**DATA BLOCK**
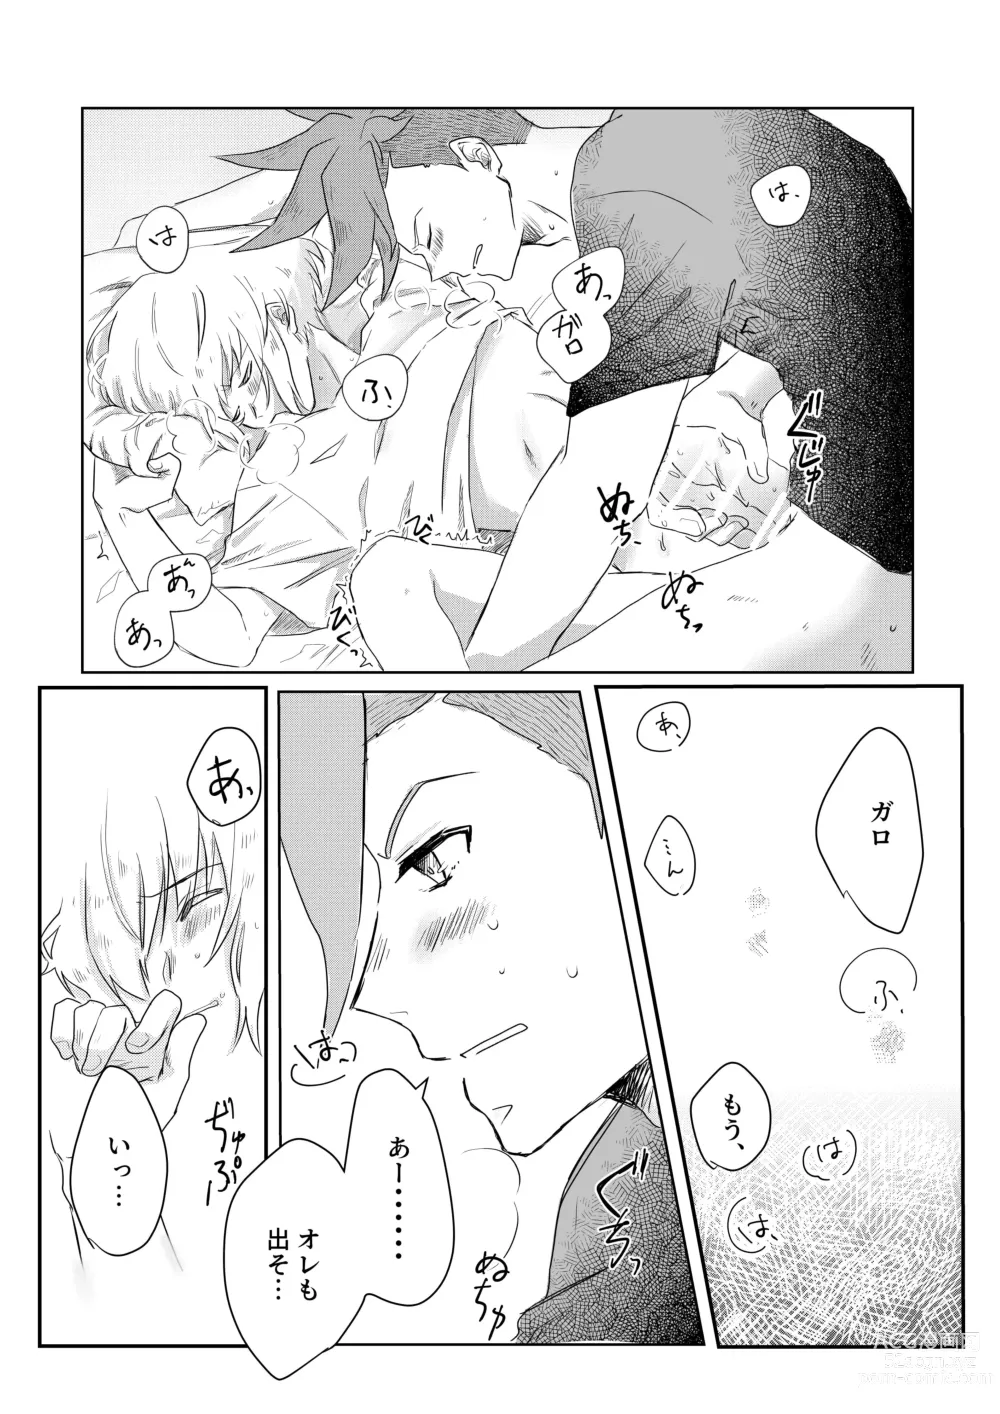 Page 12 of doujinshi Ohayou, Oyasumi, Mata Ashita.
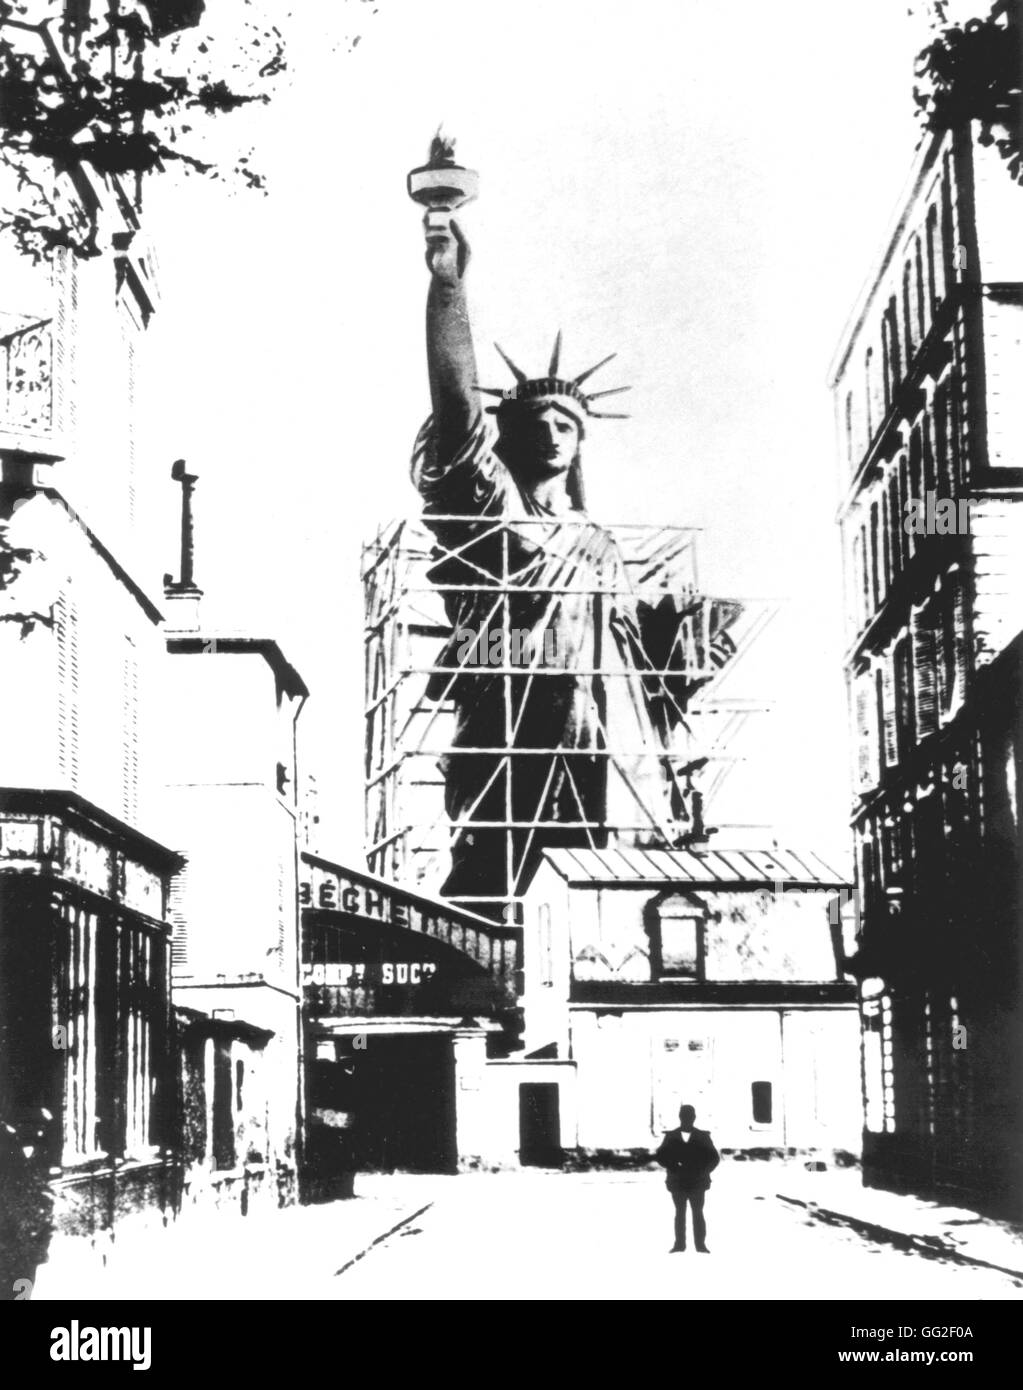 Scale Modell der Freiheitsstatue von Bartholdi, fotografiert in Paris, gesehen vom Boulevard de Courcelles erstellt. Einmal abgeschlossen, wurde die Statue nicht demontiert und nach Amerika geschickt.  Frankreich Washington. Library of Congress Stockfoto
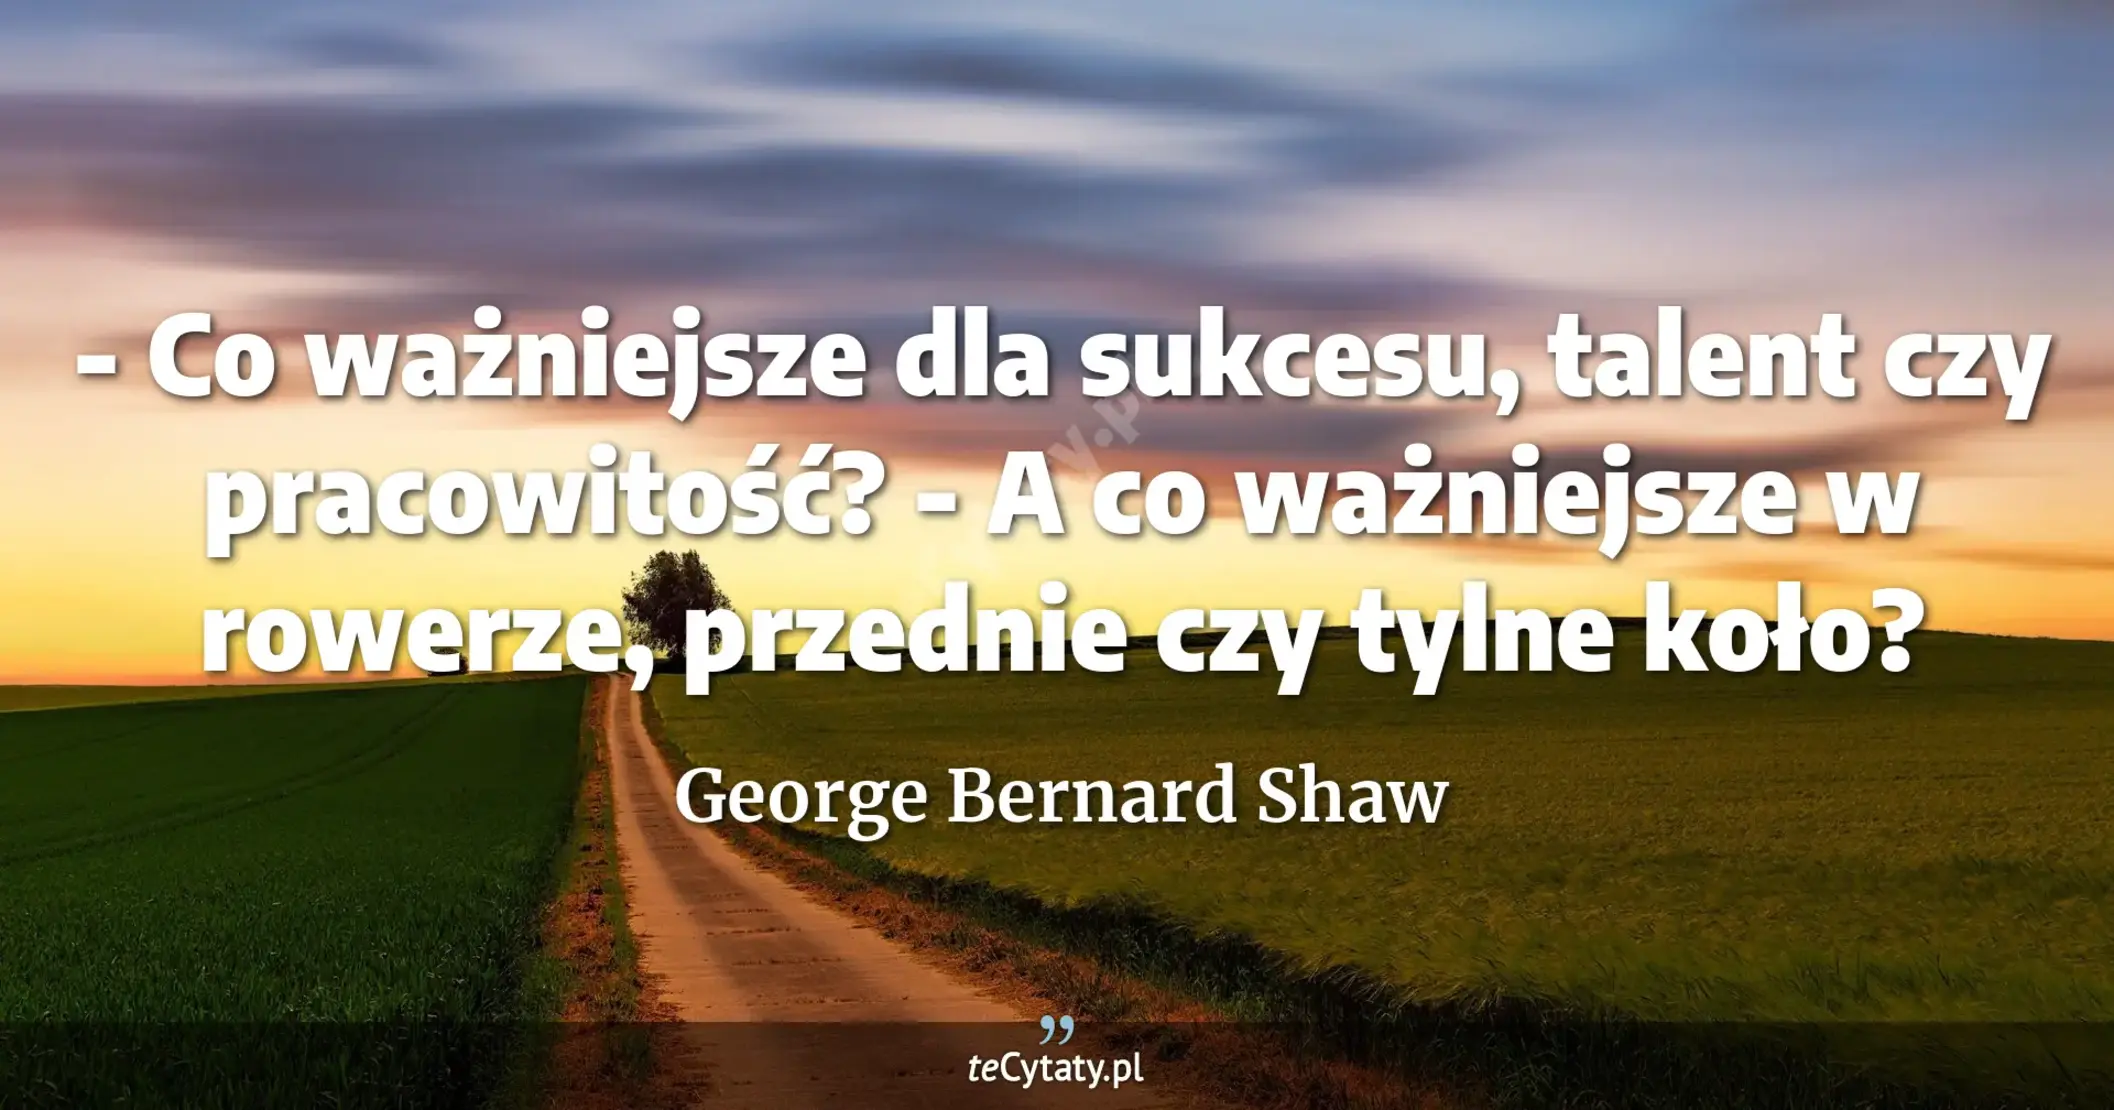 - Co ważniejsze dla sukcesu, talent czy pracowitość? <br> - A co ważniejsze w rowerze, przednie czy tylne koło? - George Bernard Shaw
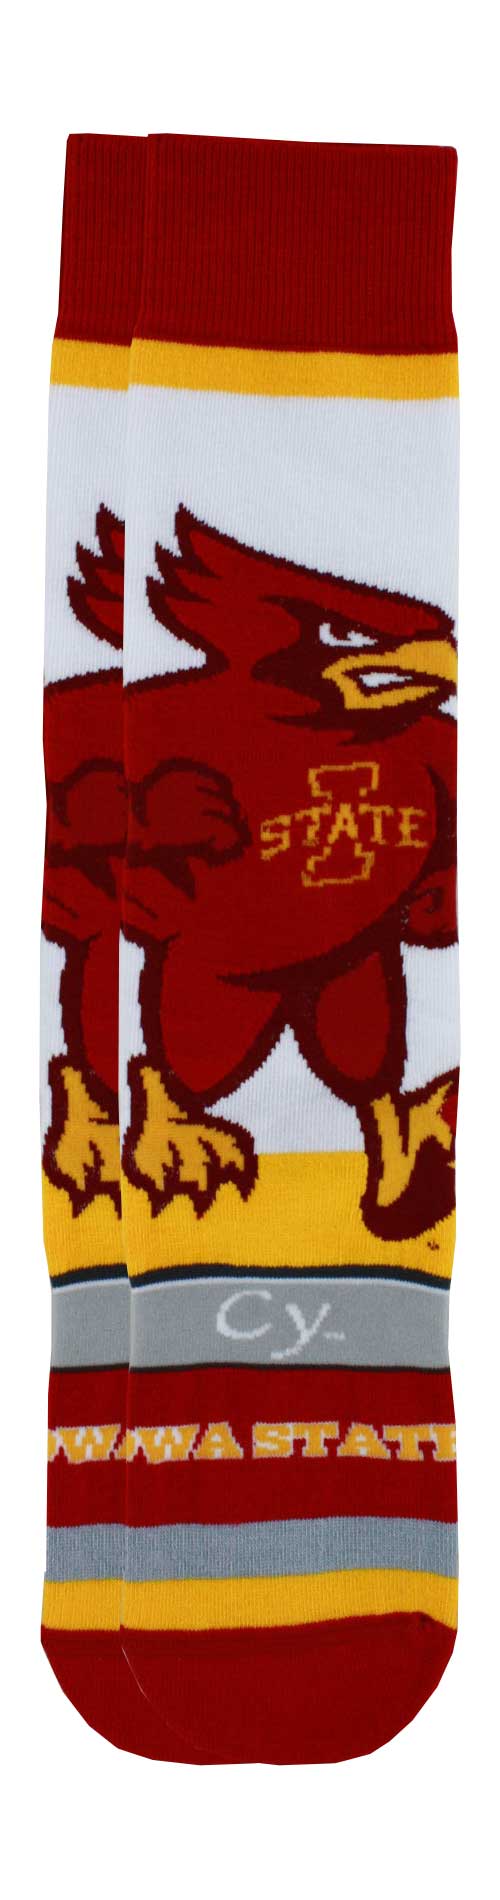 Iowa State Cyclones Mascot Socks

**PROBLEM STATEMENT**
Return the listing above word for word, with the pictures removed.

**EXERCISE RESULT**
 Page 12 of doujinshi Ohayou, Oyasumi, Mata Ashita.
 Scale Modell der Freiheitsstatue von Bartholdi, fotografiert in Paris, gesehen vom Boulevard de Courcelles erstellt. Einmal abgeschlossen, wurde die Statue nicht demontiert und nach Amerika geschickt.  Frankreich Washington. Library of Congress Stockfoto
 - Co ważniejsze dla sukcesu, talent czy pracowitość? <br> - A co ważniejsze w rowerze, przednie czy tylne koło? - George Bernard Shaw
 Iowa State Cyclones Mascot Socks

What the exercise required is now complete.